Course: AI Programming (IT-3105) – NTNU
Due Date: May 2, 2025
Team Members
- Aleksander Olsvik
- Edvard Schøyen
- Kristian Vaula Jensen
- Vetle Ekern
This project is our implementation of a MuZero-inspired reinforcement learning system, developed as the main project for AI Programming (IT3105). MuZero, introduced by DeepMind in 2019, combines model-based and model-free reinforcement learning by simultaneously learning:
- A representation network (NNr) – maps real game states to abstract latent states.
- A dynamics network (NNd) – predicts the next latent state and immediate reward given a latent state and action.
- A prediction network (NNp) – outputs a policy distribution and value estimate from a latent state.
Using these three components, MuZero builds a search tree with Monte Carlo Tree Search (u-MCTS), guiding the agent’s decisions while also generating training targets.
We re-implemented the core pipeline of MuZero from scratch, including training with backpropagation through time (BPTT), episodic buffers, and integration with custom environments.
src/
├── config/ # Configuration handling (YAML)
├── envs/ # Game environments (SnakePac, RiverRaid, wrappers)
├── gsm/ # Game State Managers
├── networks/ # Representation, Dynamics, Prediction networks
├── self_play/ # u-MCTS implementation
├── storage/ # Episode buffer for replay and training
├── rlm.py # Reinforcement Learning Manager (main training loop)
tests/ # Unit tests
models/ # Saved models/checkpoints
episode_data/ # Training episode storage
Key modules:
ReinforcementLearningManager– orchestrates training and evaluation.uMCTS– abstract-state Monte Carlo Tree Search implementation.NeuralNetManager– coordinates training of the three MuZero networks.SnakePacEnv/RiverraidEnv– custom RL environments used for testing.EpisodeBuffer– stores episodic data for BPTT training.
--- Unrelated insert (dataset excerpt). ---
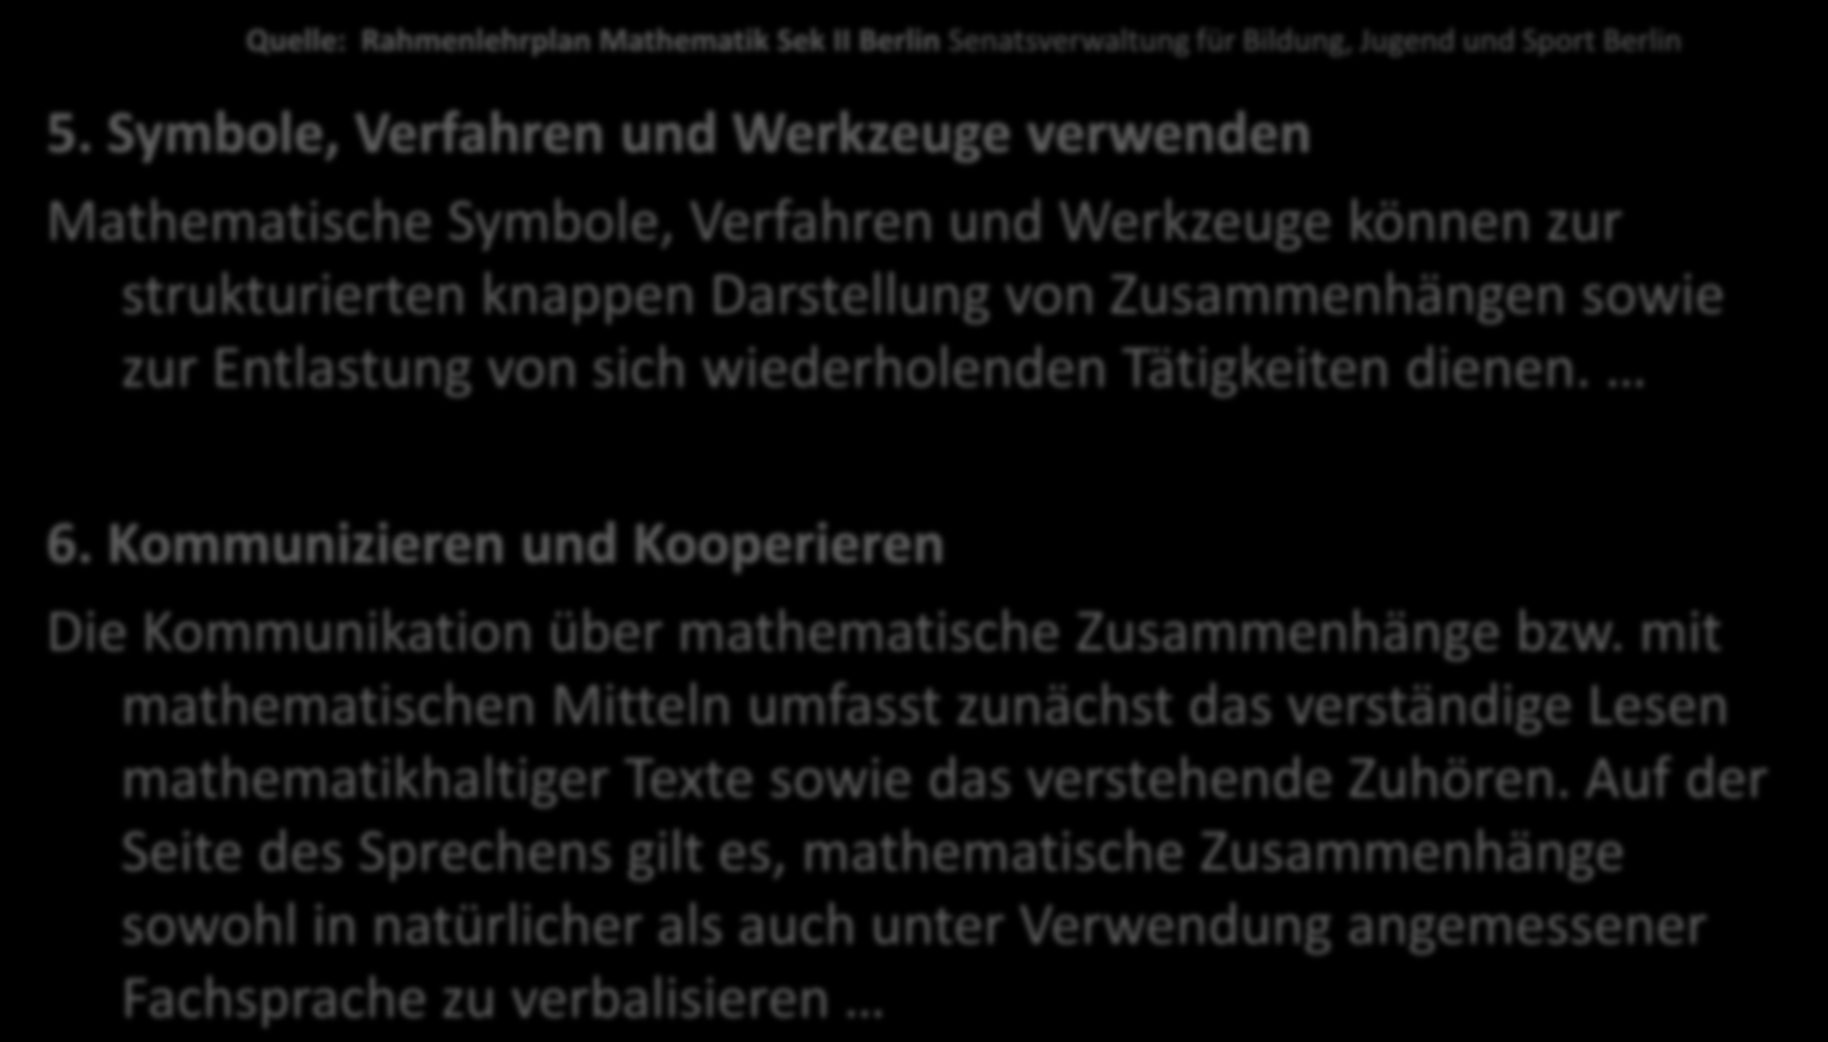 Quelle: Rahmenlehrplan Mathematik Sek II Berlin Senatsverwaltung für Bildung, Jugend und Sport Berlin 5.
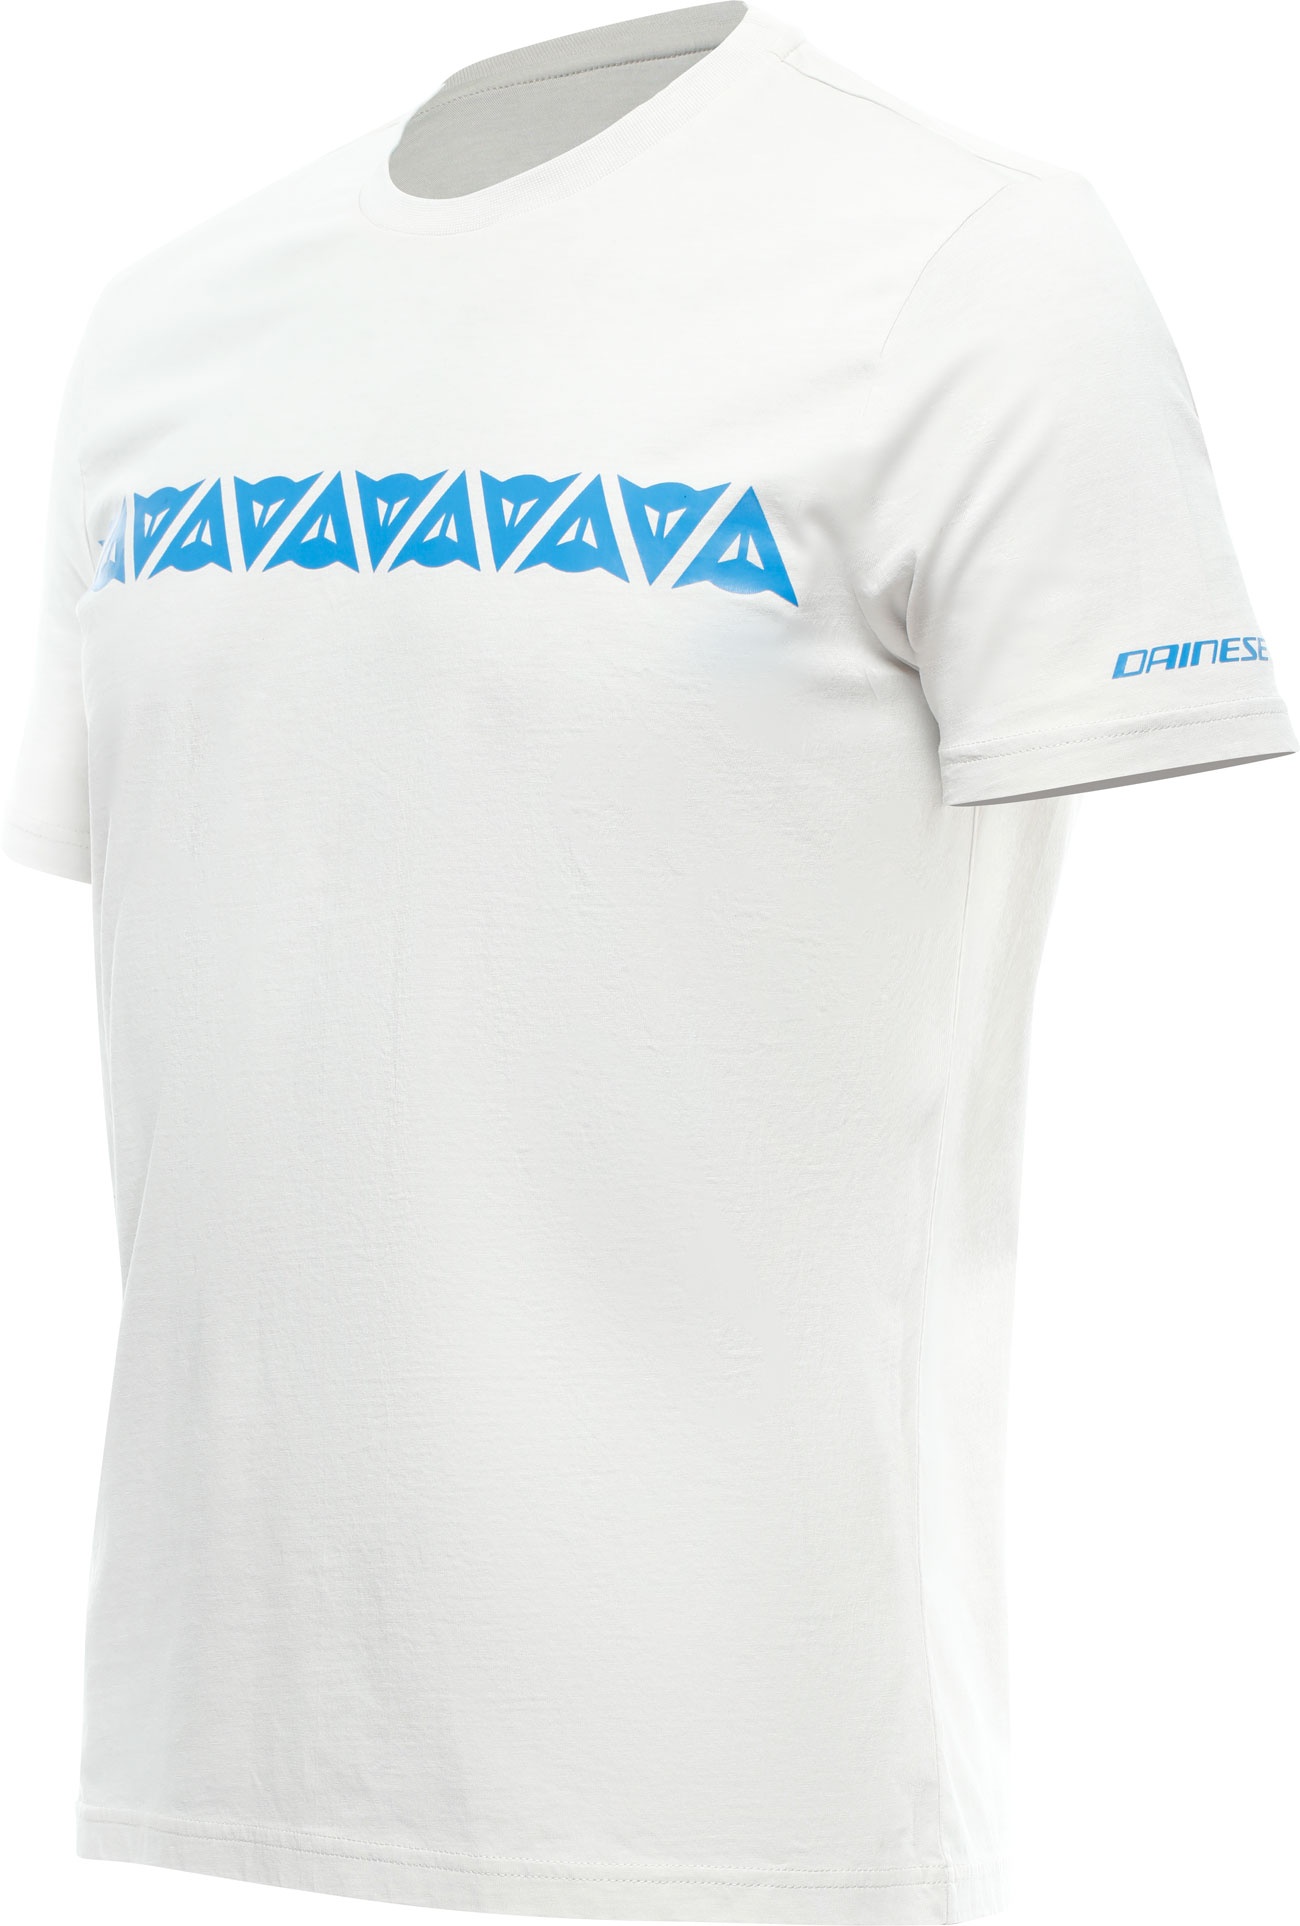 Dainese Stripes, t-shirt - Gris Clair/Bleu Clair - M

We implemented and tested MuZero in two environments:
-
SnakePac (custom)
- A simplified grid-world with coins and movement actions.
- Designed for debugging and rapid iteration.
-
River Raid (Atari)
- Leveraged ALE via Gymnasium.
- High-dimensional pixel input tested the scalability of our MuZero implementation.
-
Episode Generation
- The agent plays episodes using u-MCTS to select actions.
- Each step records:
- State
- Value estimate
- Policy distribution
- Action taken
- Reward received
-
Episode Buffer
- Stores episode histories.
- Supports sampling windows of states and actions for training.
-
Backpropagation Through Time (BPTT)
- Trains all three networks jointly.
- Uses a sliding window of past and future states (
qlook-back,wroll-ahead).
-
Checkpointing & Logging
- Checkpoints saved under
checkpoints/. - Optional logging with Weights & Biases (wandb) for monitoring.
- Checkpoints saved under
Implementing MuZero required integrating planning and learning tightly, reinforcing the idea of extreme bootstrapping.
Working with Atari-scale environments highlighted the challenges of training efficiency and compute limitations.
Producing educational visualizations was just as important as the code, sharpening our ability to communicate complex AI concepts clearly.